As to the corporate world -- since corporations, in reality, pay no taxes (they pass it on), it makes sense, at the theoretical level, not to tax them. However, this is the real world, and since we all know corporations are persons in the eyes of the law (thank you John Marshall), they should pay something towards the country that allows them to practice capitalism. But let's have one set of books, not two.
 
Re: Strands in the Tapestry: the Business, Economics, and Tax Policy Thread

Some useful historical perspective from economist Peter Schiff:

In 1958, the top 3% of taxpayers earned 14.7% of all adjusted gross income and paid 29.2% of all federal income taxes. In 2010, the top 3% earned 27.2% of adjusted gross income and their share of all federal taxes rose proportionally, to 51%.

So if the top marginal tax rate has fallen to 35% from 91%, how in the world has the tax burden on the wealthy remained roughly the same? Two factors are responsible. Lower- and middle-income workers now bear a significantly lighter burden than in the past.
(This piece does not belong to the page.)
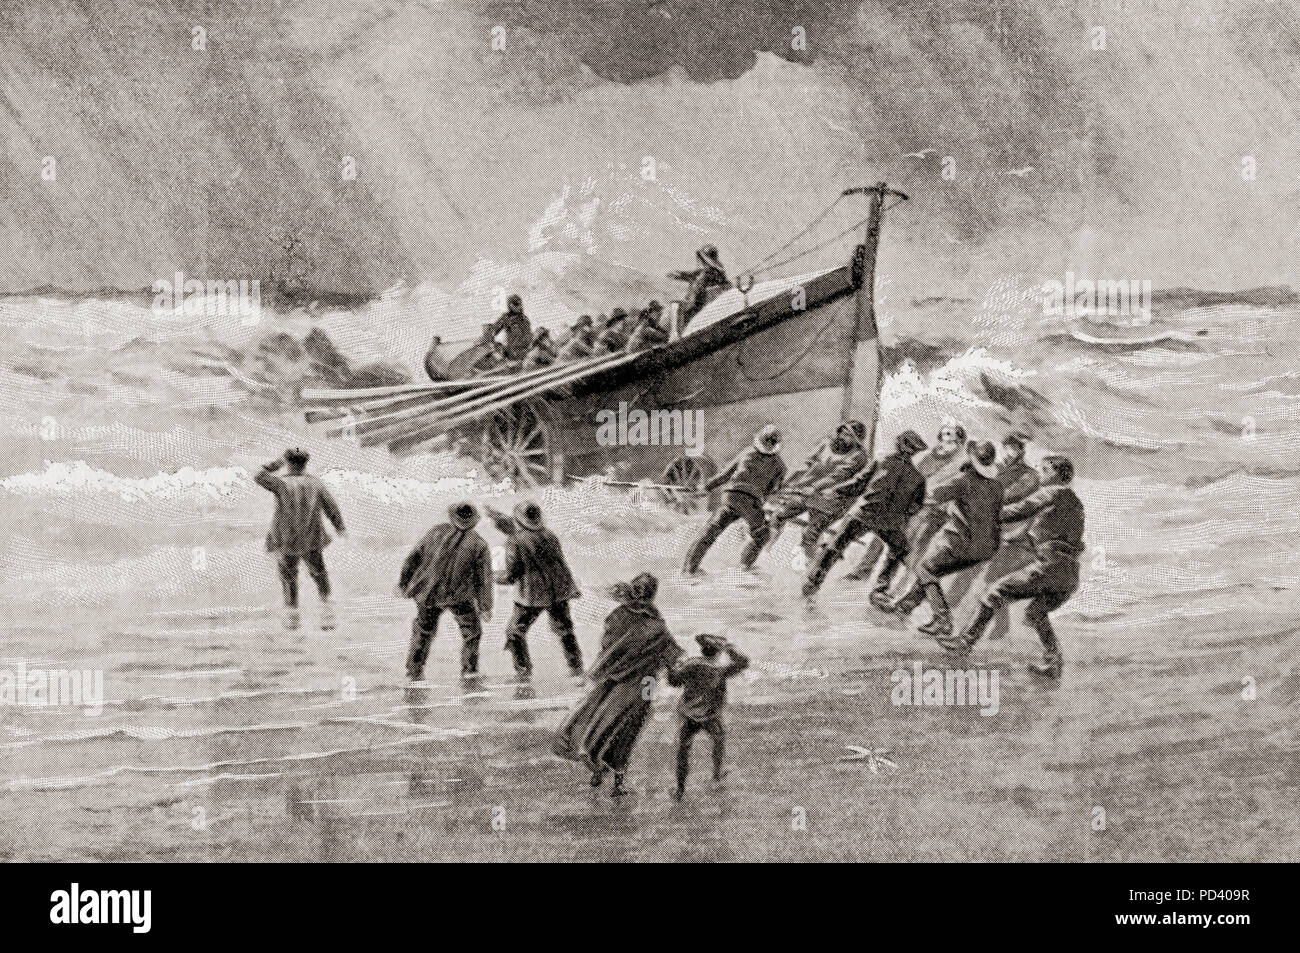 L'embarcation, la Croix Rouge de la mer, un bateau utilisé pour aller à l'embarcation de sauvetage d'un navire en détresse, ou ses survivants, pour sauver l'équipage et les passagers. Du livre de navires, publié vers 1920. Banque D'Images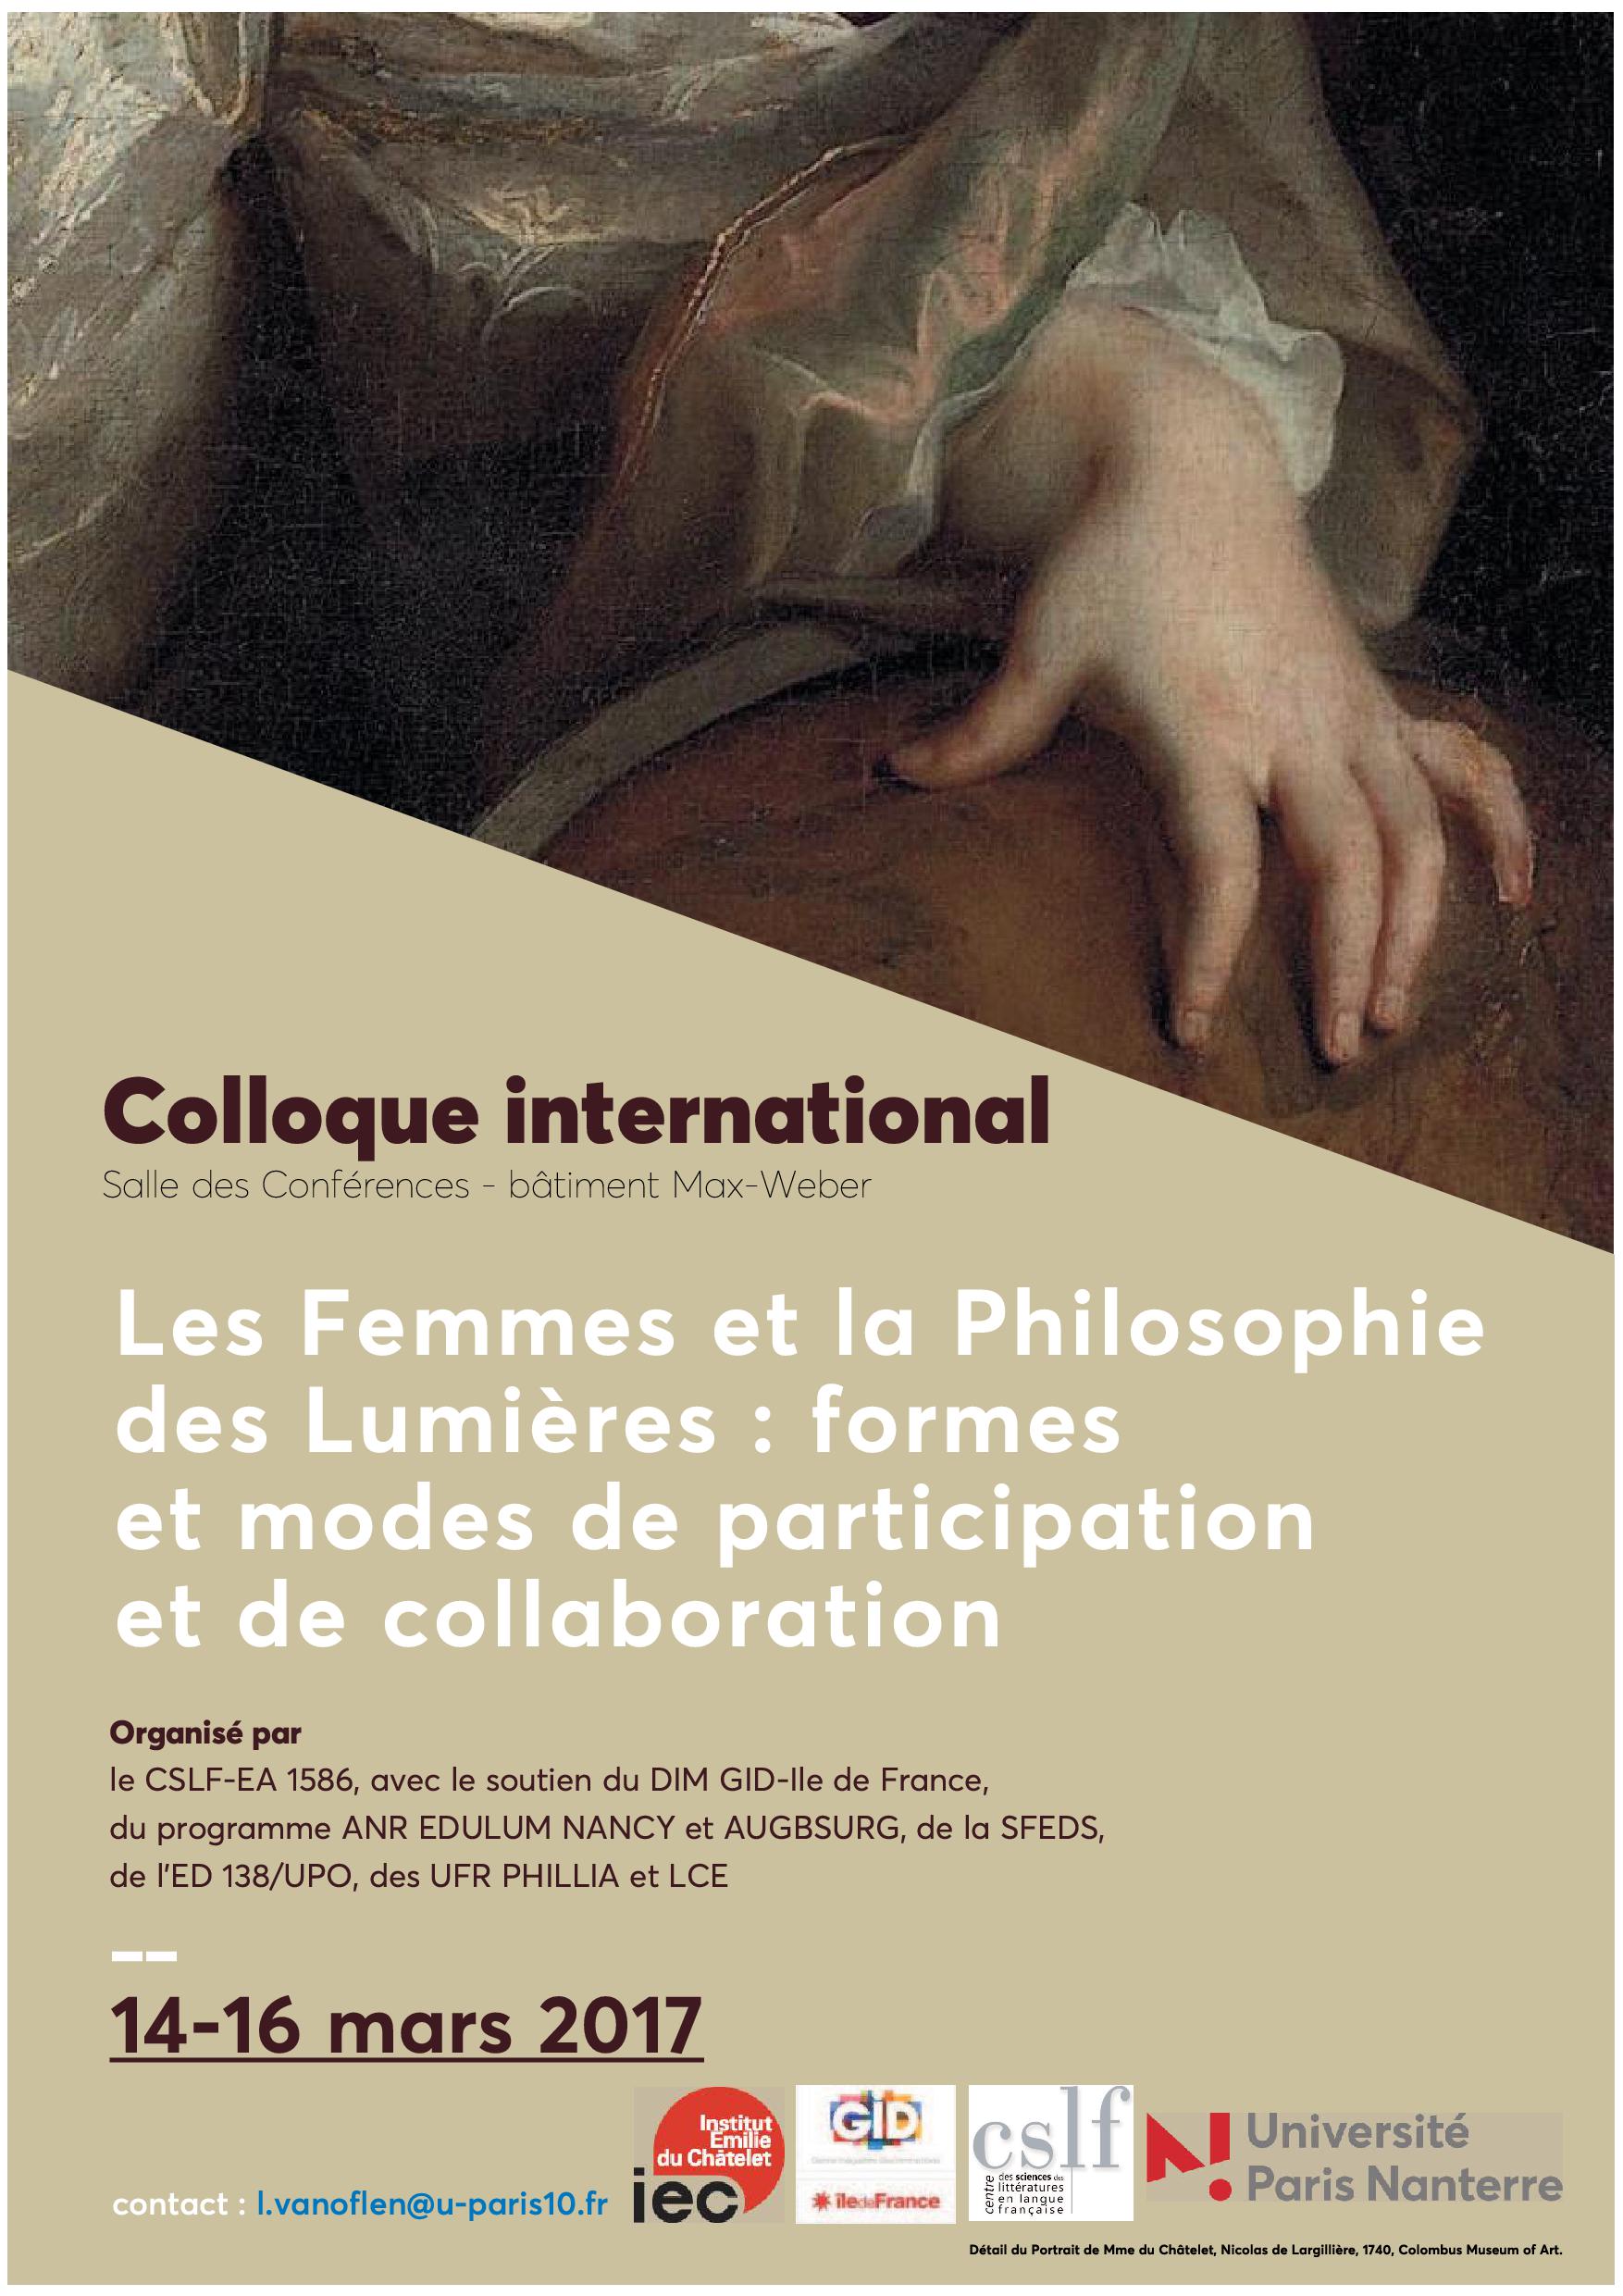 Les Femmes et la Philosophie des Lumières : formes et modes de participation et de collaboration (Nanterre)

And the confiscatory top marginal rates of the 1950s were essentially symbolic—very few actually paid them. In reality the vast majority of top earners faced lower effective rates than they do today. [emphasis added]

In 1958, an 81% marginal tax rate applied to incomes above $1.08 million, and the 91% rate kicked in at $3.08 million. These figures are in unadjusted 1958 dollars and correspond today to nominal income levels that are at least 10 times higher. That year, according to Internal Revenue Service records, just 236 of the nation's 45.6 million tax filers had any income that was taxed at 81% or higher.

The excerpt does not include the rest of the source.